From the same Urals city, Alexander Bondarev, 19, was buried by grieving relatives four days later.
Alexey Martynov, 19, was from Buryatia, a Buddhist region of Siberia that has been grievously hit by deaths in Ukraine.
He had entered the Ulan-Ude College of Railway Transport when he was called up as a conscript initially as a marine on the Pacific coast.
Older war dead born under Putin include:
:Sergey Cherepov, 20, from Novosibirsk region, died on 27 February, but was buried almost a month later after his remains were returned to his village of Morozovka in Siberia.
:Vyacheslav Ovchinnikov, 20, from the Russian Pacific region, whose fatal wounds were so severe his coffin was sealed.
:Yegor Nazarov, 20, from Vikhorevka, in the Irkutsk region of Siberia, who was buried on Wednesday.
:Mikhail Bakanov, 20, from Balakovo, Saratov region, declared dead on 22 March.
:Sergey Lipsky, 20, from Gusinoozersk, Buryatia, who had risen to the rank of junior sergeant of the 37th separate motorised rifle brigade.
:Evgeny Beloborodov, 20, an orphan and another fatality from Buryatia, close to Lake Baikal in Siberia.
:Ivan Garbuzov, 20, a corporal in the national guard, from Markov, Irkutsk region, he had been an alter boy at his Orthodox Church. He was mortally wounded by a fragment of a mine while serving as an infantry fighting vehicle driver.
:Corporal Yuri Lebedev, 20, was from the same Irkutsk region and died in fighting in Chernihiv, Ukraine.
:The oldest of the war dead born early in Putin’s first presidential term included Zorigto Khotsaev, 21, another fatality from Buryatia.
He died as the second commander of the crew of an infantry fighting vehicle where he was also a gunner, part of the 11th Airborne Assault Brigade.
:Sergei Sokolov, 21, from Zubkovo, Novosibirsk region, killed in action on 16 March.
:Artur Sharafeev, 21, from Naberezhnye, Chelny
: Yegor Dmitriev, 21, from Novosibirsk region, had recently married when he was killed on 14 March .
: Aleksandr Krutiy, 21, from Krasnodar region.
: Vladislav Solomennikov, 21, from Chaikovsky, Perm region.
:Vladimir Chebotarev, 21, died on the first day of a war Russia still calls a ‘special military operation’ and was buried in Kerch.
: Lieutenant Vitaly Golub, 21, commander of a motorised rifle platoon, from Chita in Siberia, and buried in Sevastopol, in annexed Crimea.
Valentina Melnikova, 76, the executive secretary of Russian Committee of Soldiers Mothers, said she has a “terrible feeling” about the true Russian toll.
She said recently recruited conscripts are among those fighting in Ukraine.
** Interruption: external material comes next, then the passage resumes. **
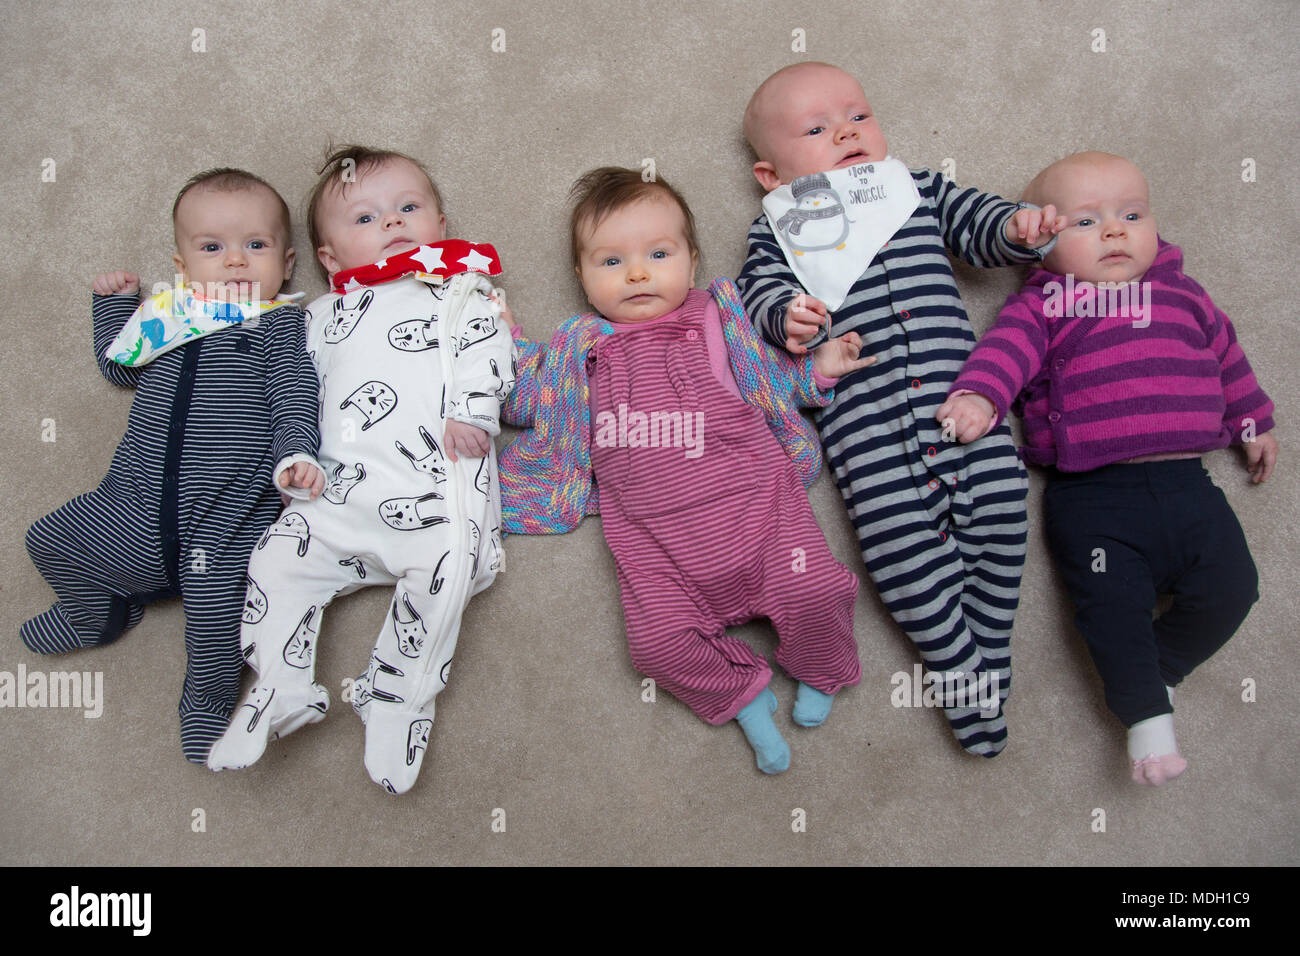 group of cute babies Stock Photo

“These conscripts were told: ‘Here is a pen and a paper, you write a request to be switched to a contract’.
“Some of them did, some didn’t. But even those who didn’t were sent in anyway.”
Melnikova has helped Russia’s mothers through two bloody wars in Chechnya, as well as a conflict in Georgia and military involvement in Syria.
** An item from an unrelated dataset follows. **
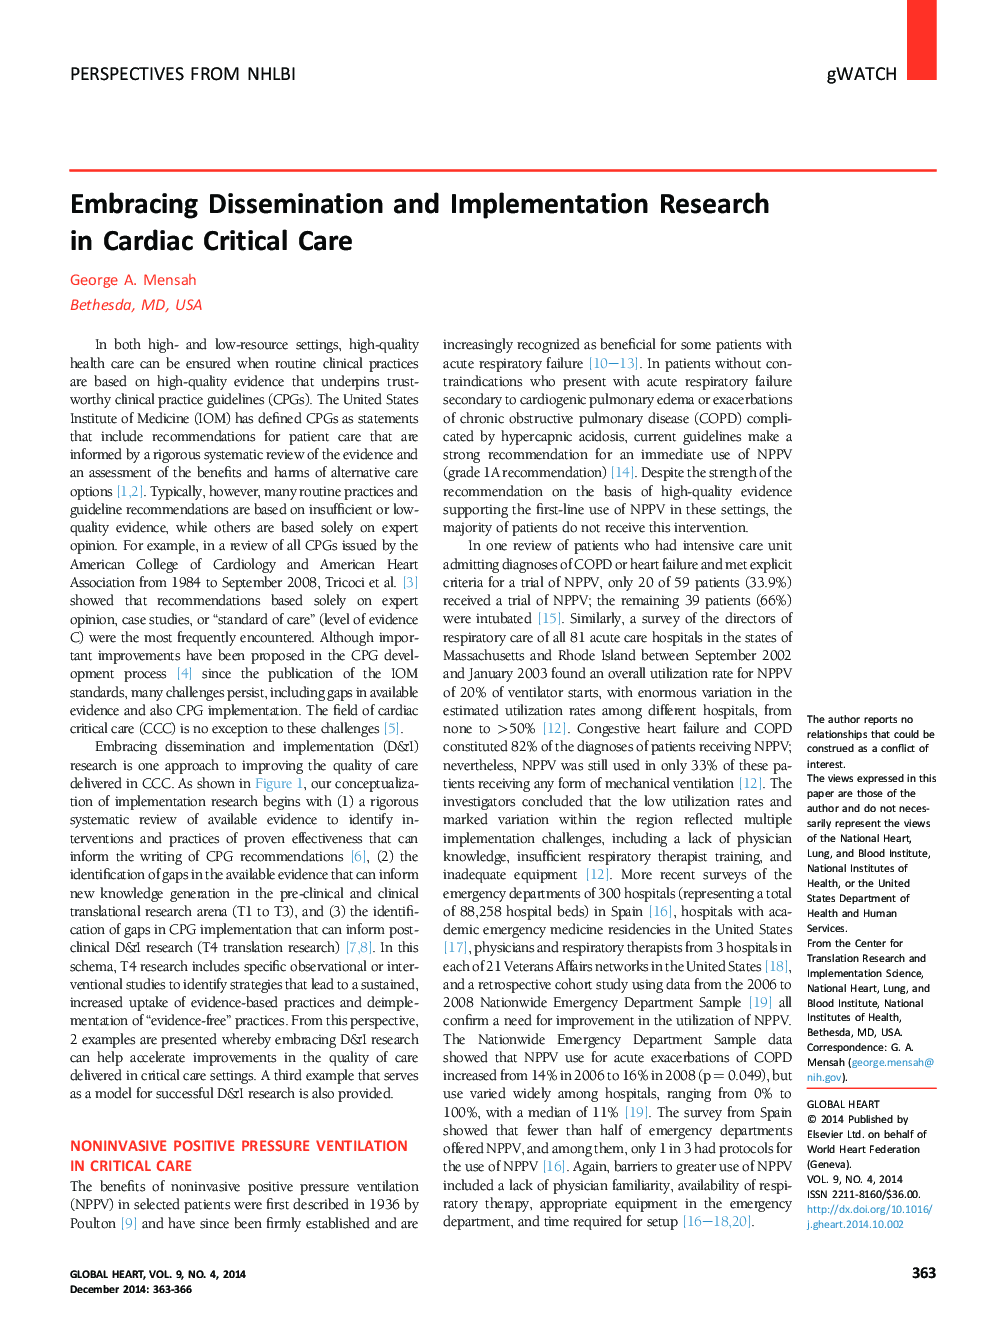 Embracing Dissemination and Implementation Research in Cardiac Critical Care

Of the Ukraine war, she said: “How many days have passed? And the losses and destruction are already huge.”
She accused Russia of concealing the figures of soldiers slain in Ukraine, but commended Kyiv for providing accurate information on deaths.
She was asked by Russian journalist Katerina Gordeeva in a YouTube interview why parents and wives had not protested more.
“They are not from a social group that usually protests, and they are scattered all around Russia,” she said.
“Even when a wife knows her husband was killed, like a chat I had recently, and I ask her for his details, she won’t share them. Why? She says: ’I am scared it’ll make things worse’.”
On Russian casualties, she said that some dead and even wounded are left on the battlefield by their commanders.
“The way it was in the previous wars, when a unit leaves, they have to check who returned to the unit. But since our army isn’t into collecting bodies of the dead, and not always into picking up the wounded, all sorts of discrepancies happen. It’s cheaper to write ‘missing in action’. “
As a result it is impossible to know the correct figures for the dead and wounded, she said.